Константин Тюнькин - Салтыков-Щедрин Страница 115

Тут можно читать бесплатно Константин Тюнькин - Салтыков-Щедрин. Жанр: Документальные книги / Биографии и Мемуары, год 1989. Так же Вы можете читать полную версию (весь текст) онлайн без регистрации и SMS на сайте Knigogid (Книгогид) или прочесть краткое содержание, предисловие (аннотацию), описание и ознакомиться с отзывами (комментариями) о произведении.

Константин Тюнькин - Салтыков-Щедрин читать онлайн бесплатно

Константин Тюнькин - Салтыков-Щедрин - читать книгу онлайн бесплатно, автор Константин Тюнькин

Катковский «Русский вестник» только что напечатал статью А. А. Фета «Из деревни», в которой блестящий поэт-лирик, решивший заняться в своем имении сельским хозяйством в новых, пореформенных условиях, жаловался на нерадивых работников и крестьянских гусей, потравивших его посевы.
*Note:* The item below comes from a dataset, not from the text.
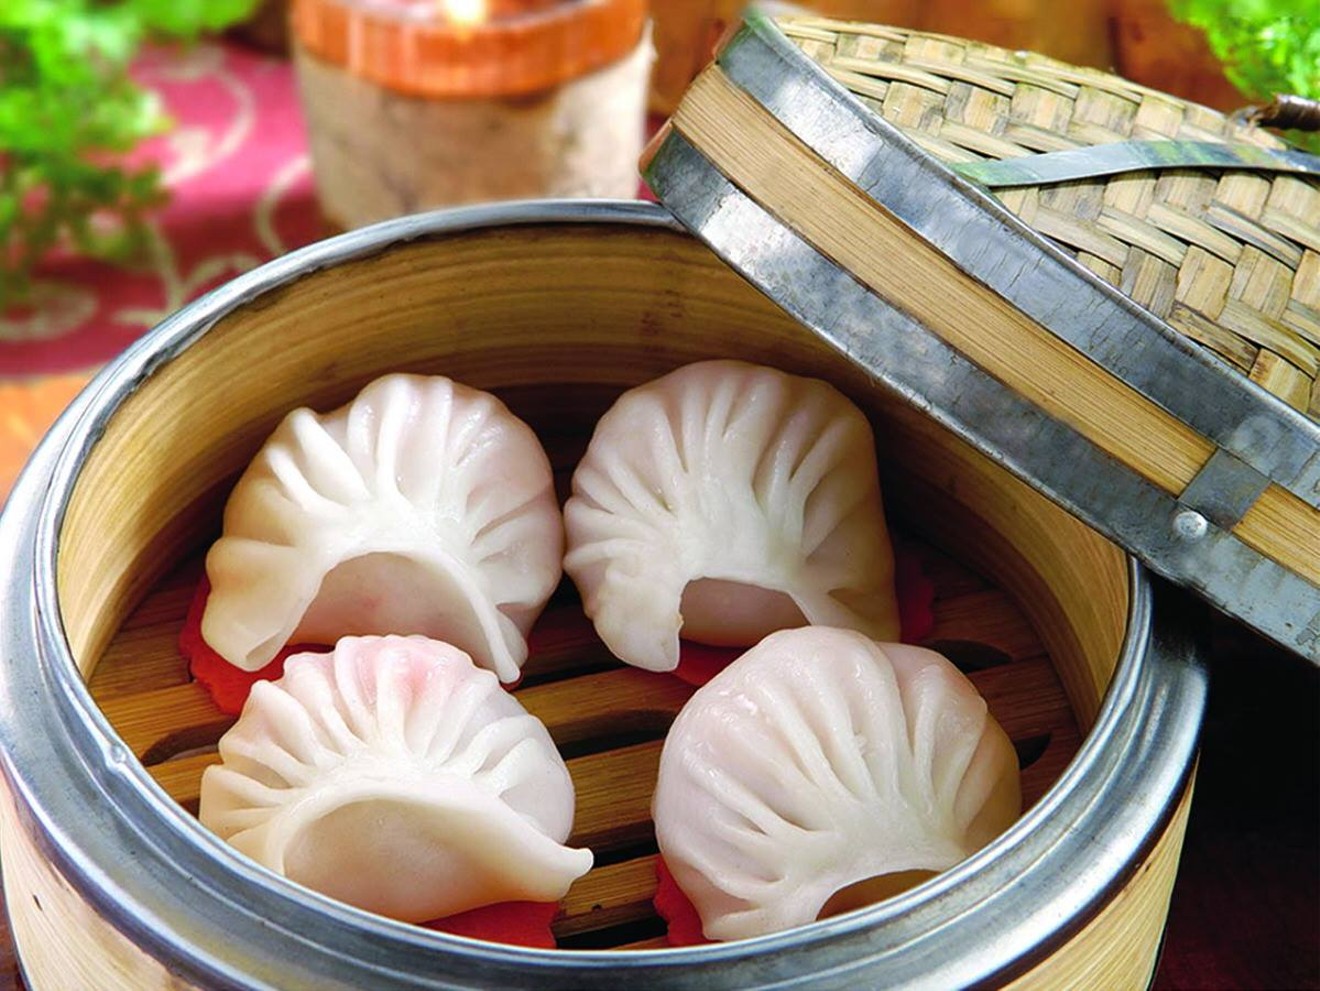 Perfectly pleated dumplings are a good sign when enjoying dim sum.

Салтыков ядовито сопоставляет «прелестные стихи» Фета, написанные до отмены крепостного права («Ни в ком, решительно ни в ком не найдет читатель такого олимпического безмятежия, такого лирического прекраснодушия»), со стихами, сочиненными уже после реформы: ведь в них просто-напросто «слышится вопль души по утраченном крепостном рае». Фету, взявшему перо публициста, кажется, что закон, защищающий работника, несправедлив к нему, землевладельцу. Будто бы и литература заражена каким-то «демократизмом». Но ведь все эти жалобы, сетования и вопли имеют одну подкладку: сожаление о временах ушедших, когда в нас самих, помещиках-землевладельцах, заключались суд и расправа.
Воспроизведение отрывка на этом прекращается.